Terapi Alergi Kacang: Remisi Jauh Lebih Unggul Dibanding Desensitisasi untuk Hasil Jangka Panjang

Oleh Rini Widiyarti August 19, 2026 2 hours lalu 0 komentar

Penelitian terbaru yang dipublikasikan dalam jurnal Allergy mengungkap perbedaan signifikan dalam hasil jangka panjang pasien alergi kacang.
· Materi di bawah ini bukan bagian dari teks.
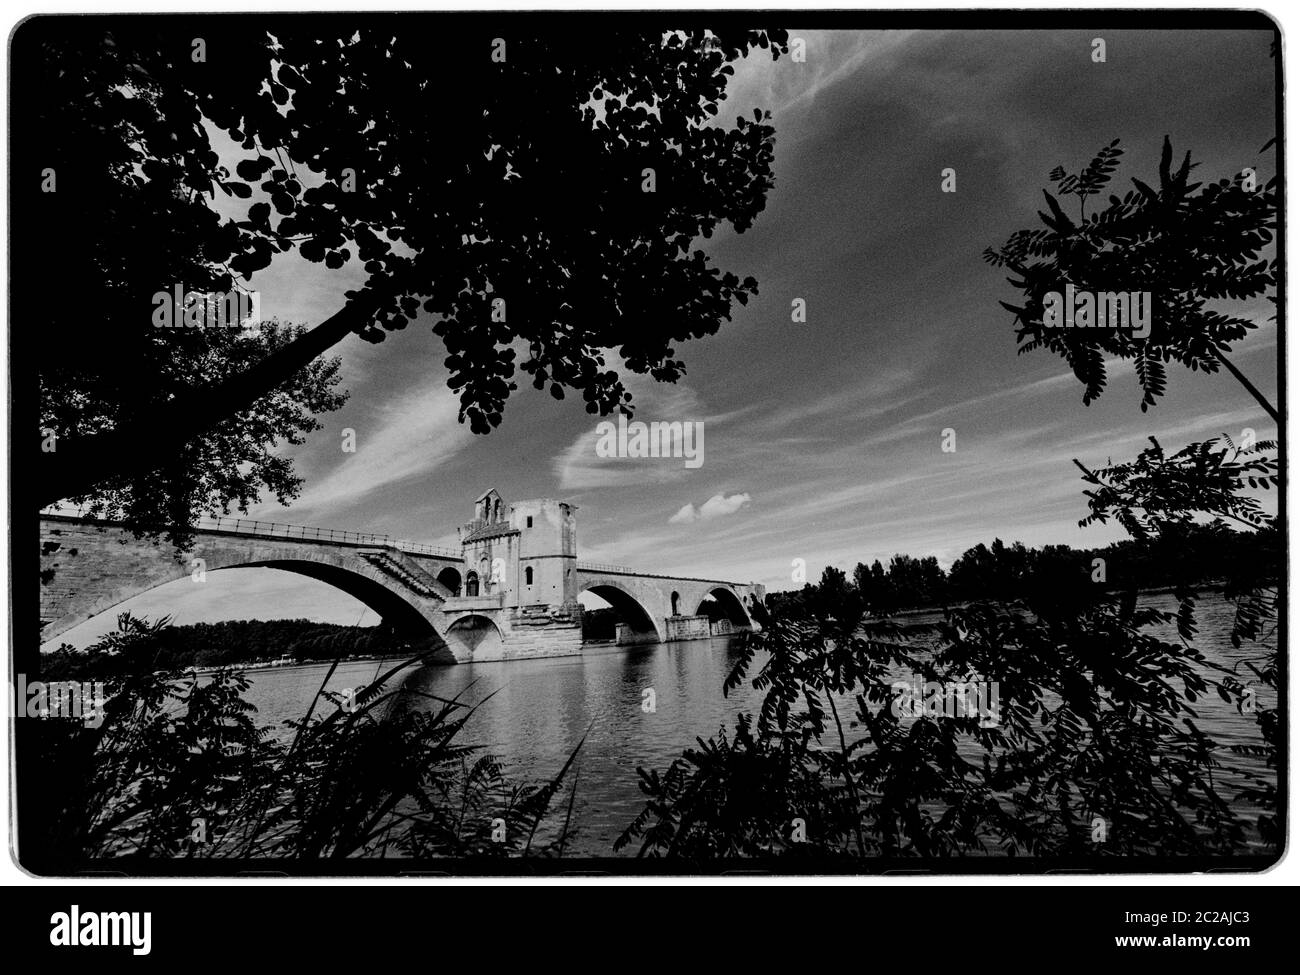 Pont d'Avignon. Le Pont Saint-Bénézet, Pont d'Avignon, 1988 Wikipeadia : le Pont Saint-Bénézet, également connu sous le nom de Pont d'Avignon, est un pont médiéval célèbre dans la ville d'Avignon, dans le sud de la France. Un pont en bois enjambant le Rhône entre Villeneuve-lès-Avignon et Avignon fut construit entre 1177 et 1185. Ce premier pont fut détruit quarante ans plus tard, en 1226, lors de la croisade albigésienne, lorsque Louis VIII de France assiéga Avignon. À partir de 1234, le pont a été reconstruit avec 22 arches en pierre. Le pont en pierre a une longueur d'environ 900 m (980 yd) et une largeur de seulement 4.9 m (16 ft) Banque D'Images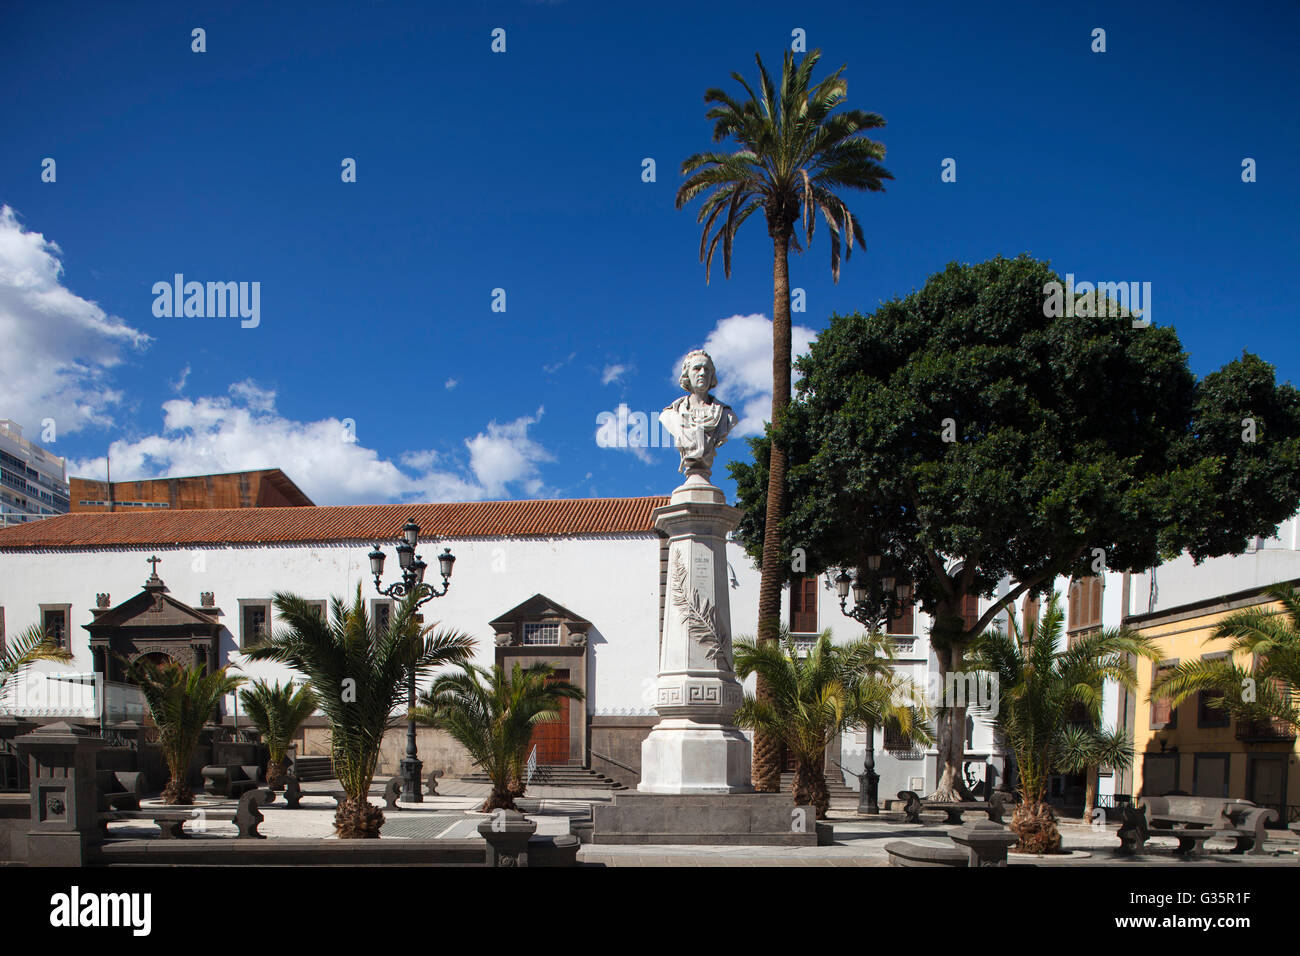 Plaza de San Francisco y chrch de San Francisco, el barrio de Triana, Las Palmas de Gran Canaria, la ciudad, la isla de Gran Canaria, Canarias arc de stock - Alamy

Studi ini menemukan bahwa pasien yang berhasil mencapai remisi alergi pasca-terapi oral imunoterapi (OIT) kacang menunjukkan perbaikan yang lebih besar dibandingkan mereka yang hanya mengalami desensitisasi.

Penelitian lanjutan dari uji coba terkontrol secara acak bertajuk PPOIT-003LT ini melibatkan 129 pasien. Para partisipan telah menyelesaikan program 18 bulan terapi OIT kacang dosis tinggi (2.000 mg), OIT kacang dosis tinggi saja, atau plasebo. Peneliti utama, Mimi Tang, MBBS, PhD, FRACP, FRCPA, FAAAAI, yang juga menjabat sebagai direktur Allergy Translation Centre dan pemimpin grup imunologi alergi di Murdoch Children’s Research Institute, beserta timnya melakukan evaluasi terhadap para pasien tersebut.

Hasil studi ini memberikan wawasan krusial mengenai efektivitas berbagai pendekatan dalam penanganan alergi kacang. Pasien yang mencapai remisi, sebuah kondisi di mana sistem kekebalan tubuh tidak lagi bereaksi berlebihan terhadap alergen, menunjukkan stabilitas dan kualitas hidup yang lebih baik dalam jangka waktu yang lebih lama. Sebaliknya, desensitisasi, yang bertujuan mengurangi reaksi alergi tanpa menghilangkan sepenuhnya, tampaknya memberikan manfaat yang kurang berkelanjutan.

Temuan ini sangat penting bagi para klinisi dan pasien dalam menentukan strategi terapi alergi kacang yang paling efektif. Pemahaman mendalam mengenai perbedaan antara remisi dan desensitisasi, serta dampaknya terhadap hasil jangka panjang, akan membantu dalam pengambilan keputusan medis yang lebih tepat sasaran. Lebih lanjut, studi ini membuka jalan bagi penelitian di masa depan untuk mengoptimalkan protokol OIT guna mencapai remisi yang lebih luas dan tahan lama bagi penderita alergi kacang.